## Action item
The material below should be copied line for line, please, with pictures omitted.

## Data segment
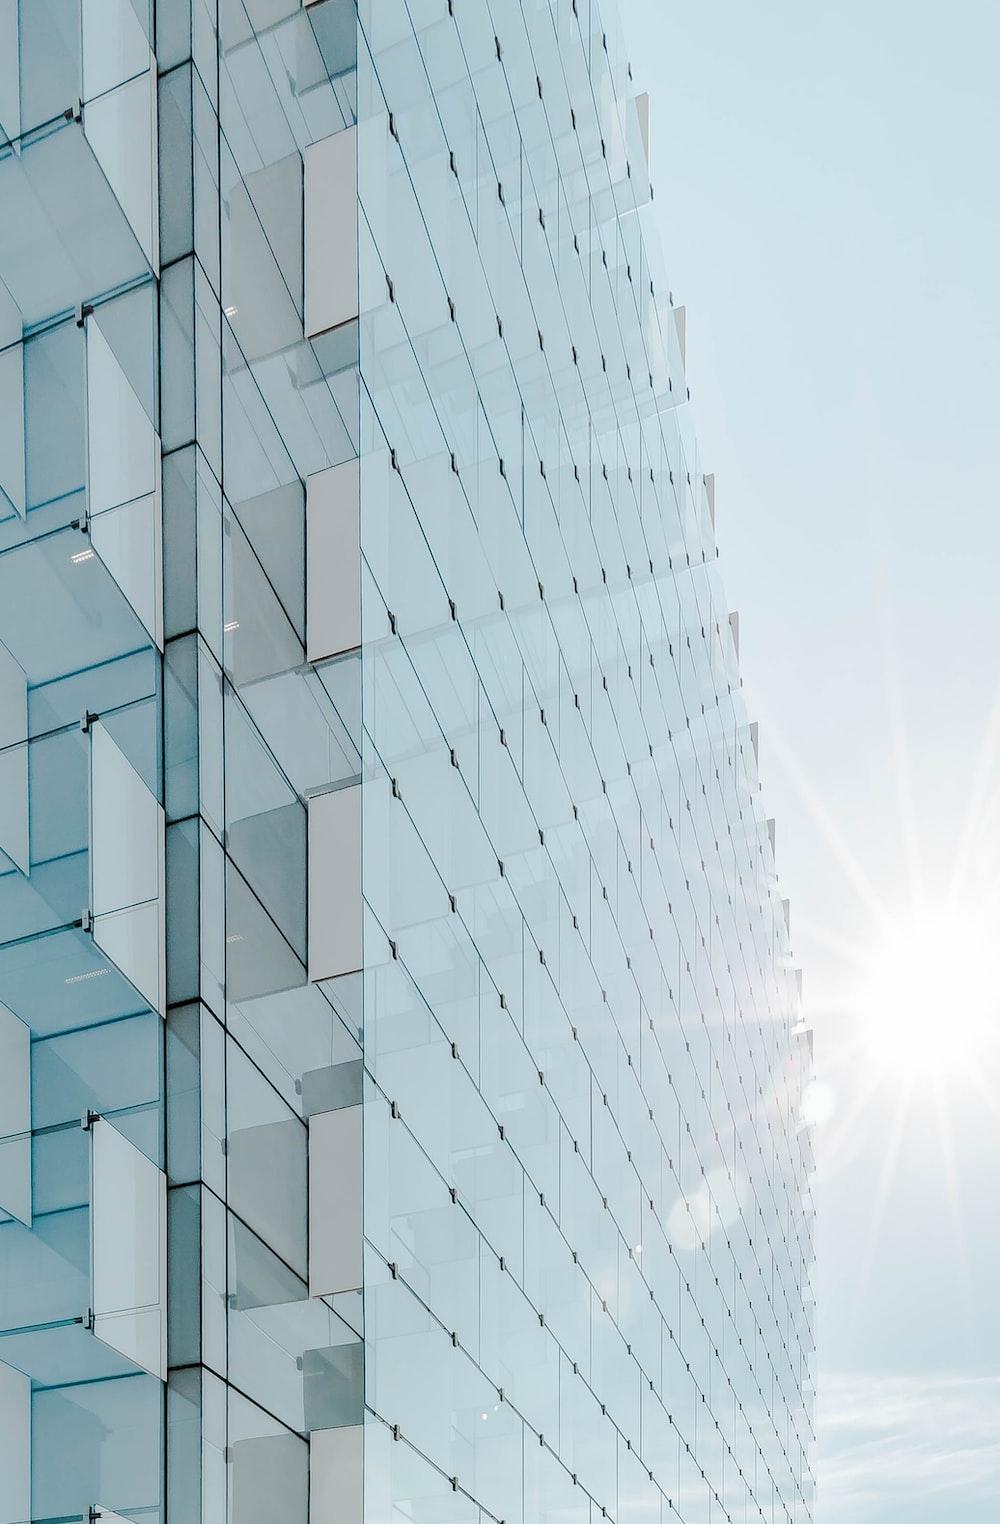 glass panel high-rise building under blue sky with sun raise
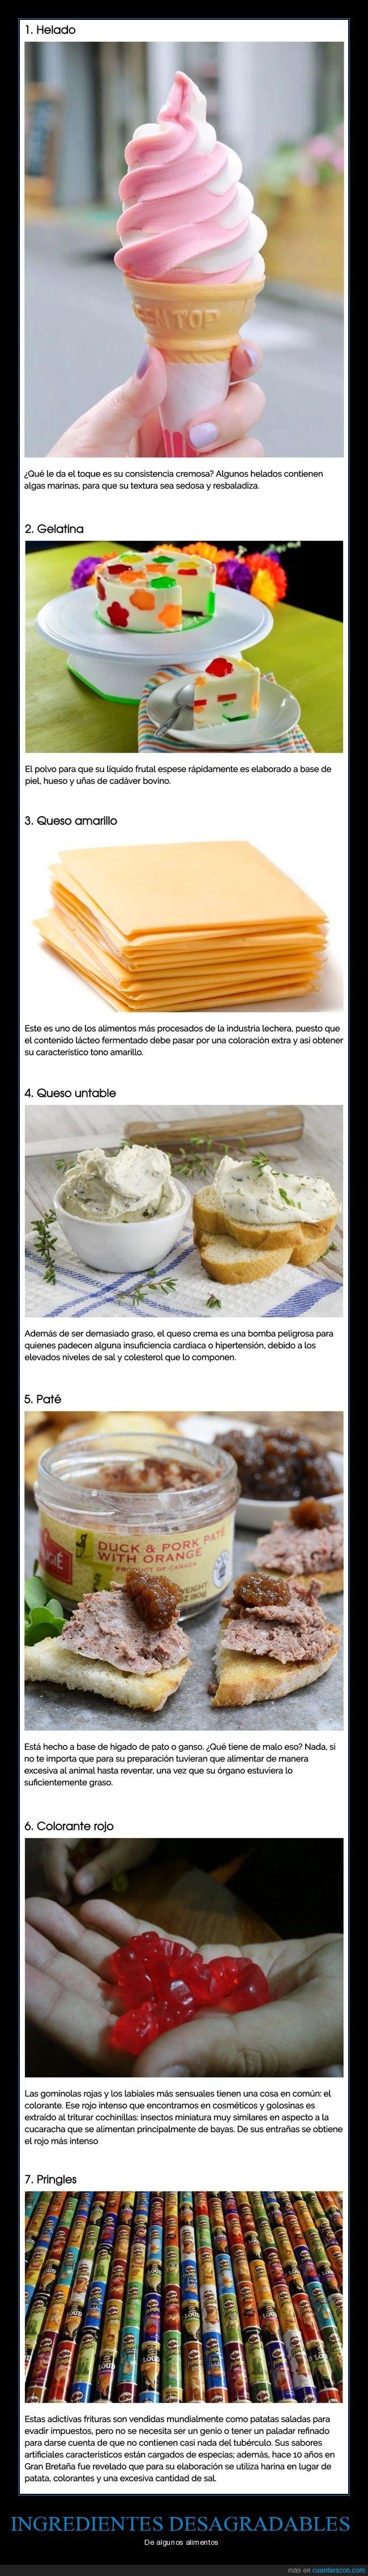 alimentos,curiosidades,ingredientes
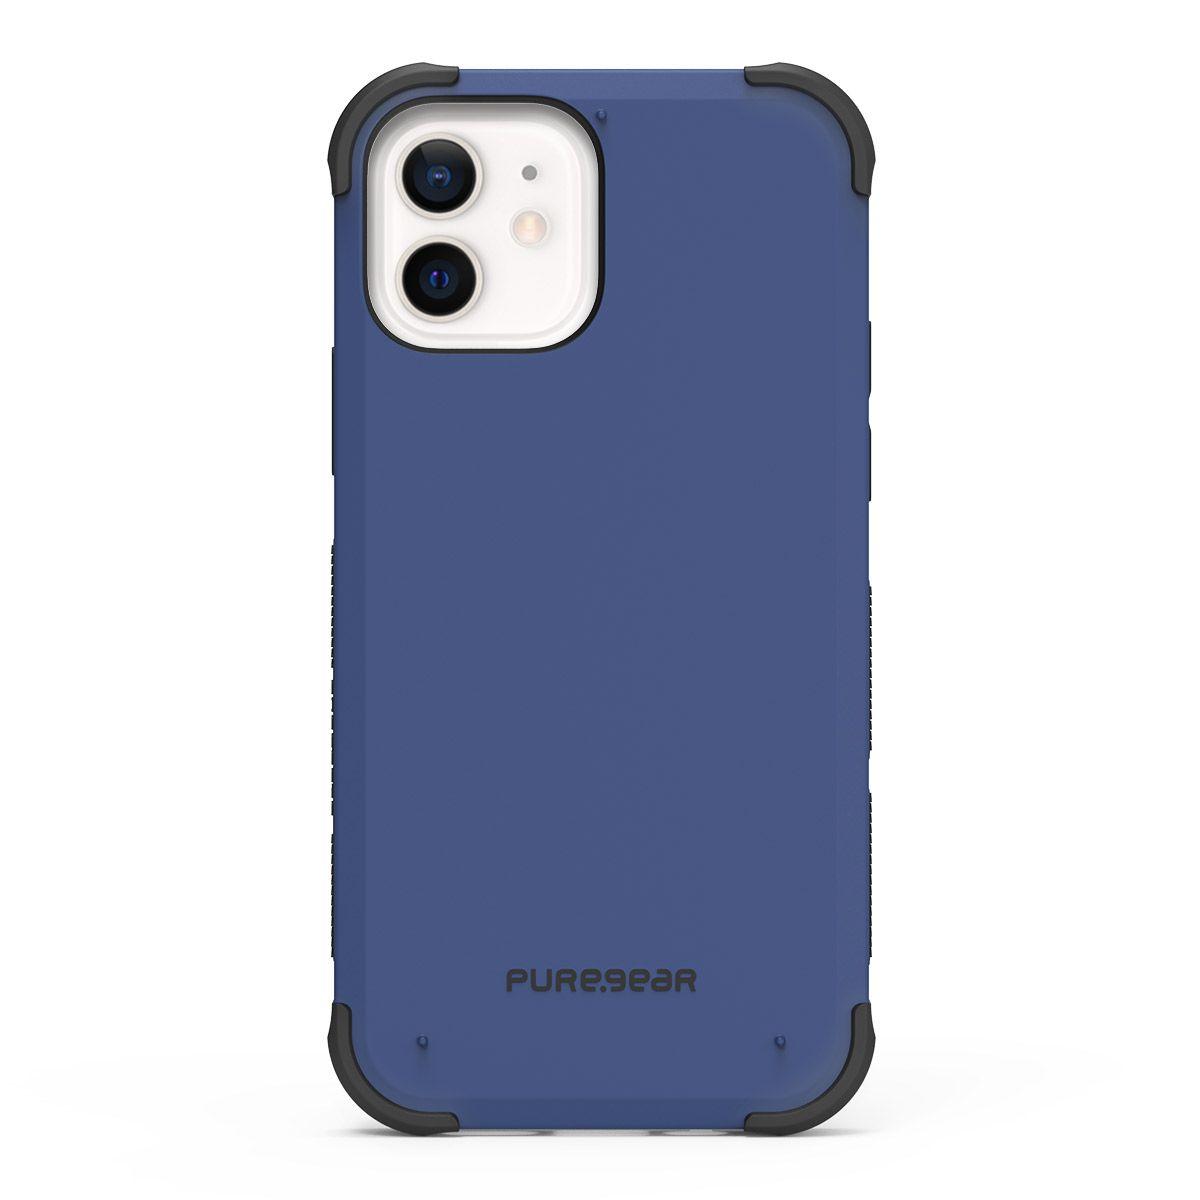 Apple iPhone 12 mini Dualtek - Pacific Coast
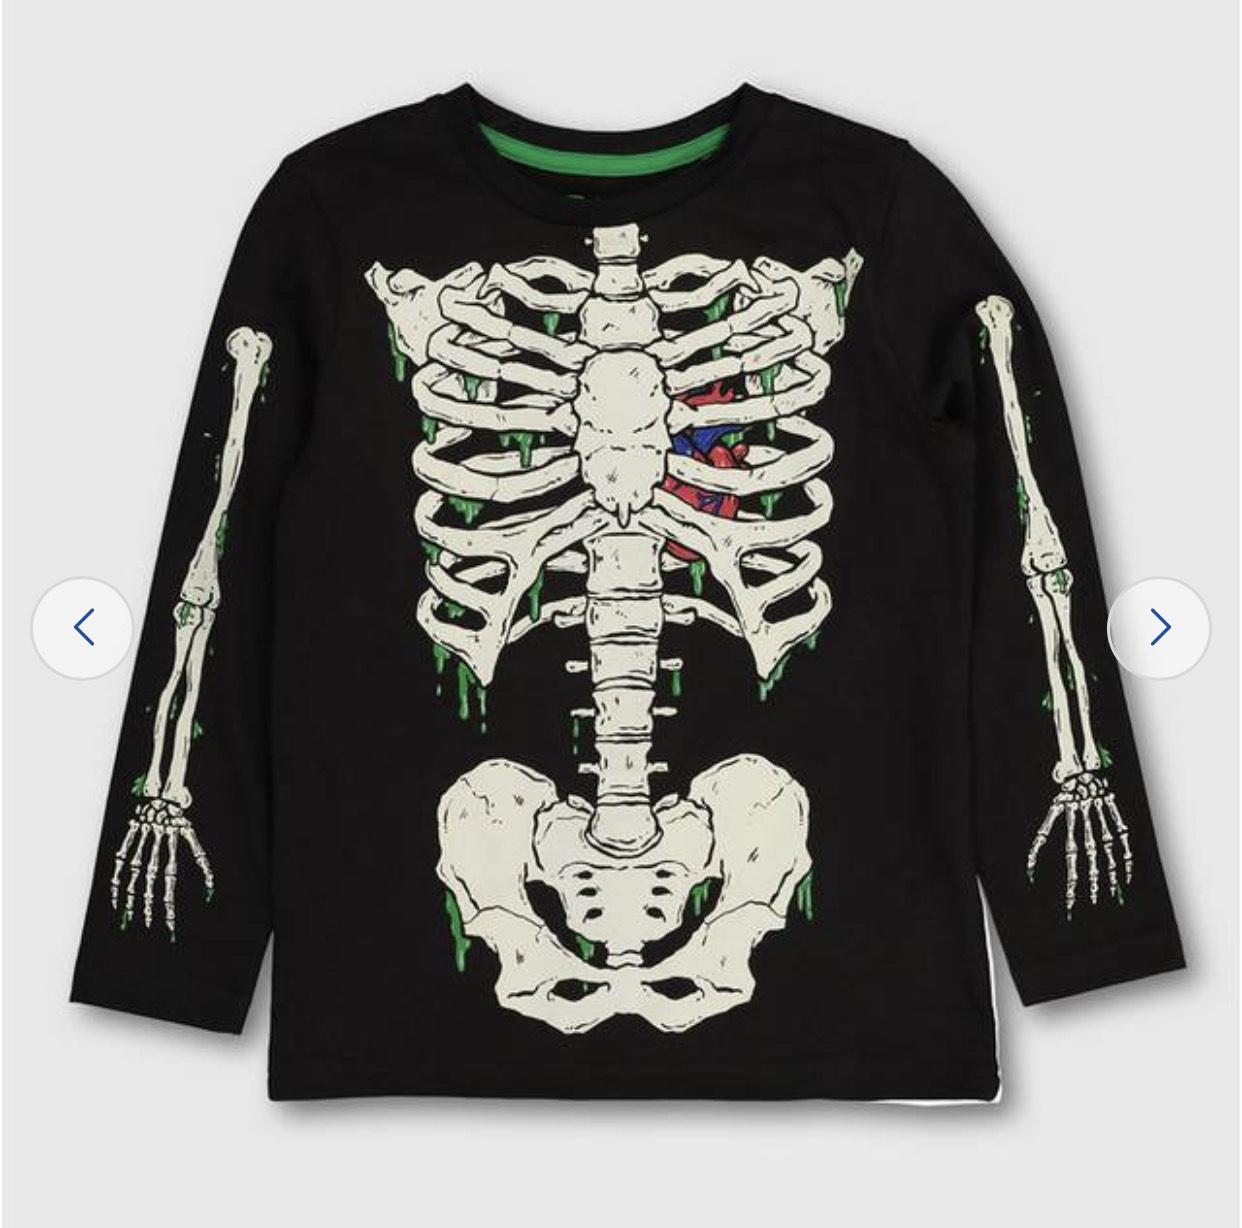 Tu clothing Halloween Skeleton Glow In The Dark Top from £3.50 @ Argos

## Solution for this task
 glass panel high-rise building under blue sky with sun raise
 alimentos,curiosidades,ingredientes
 Apple iPhone 12 mini Dualtek - Pacific Coast
 Tu clothing Halloween Skeleton Glow In The Dark Top from £3.50 @ Argos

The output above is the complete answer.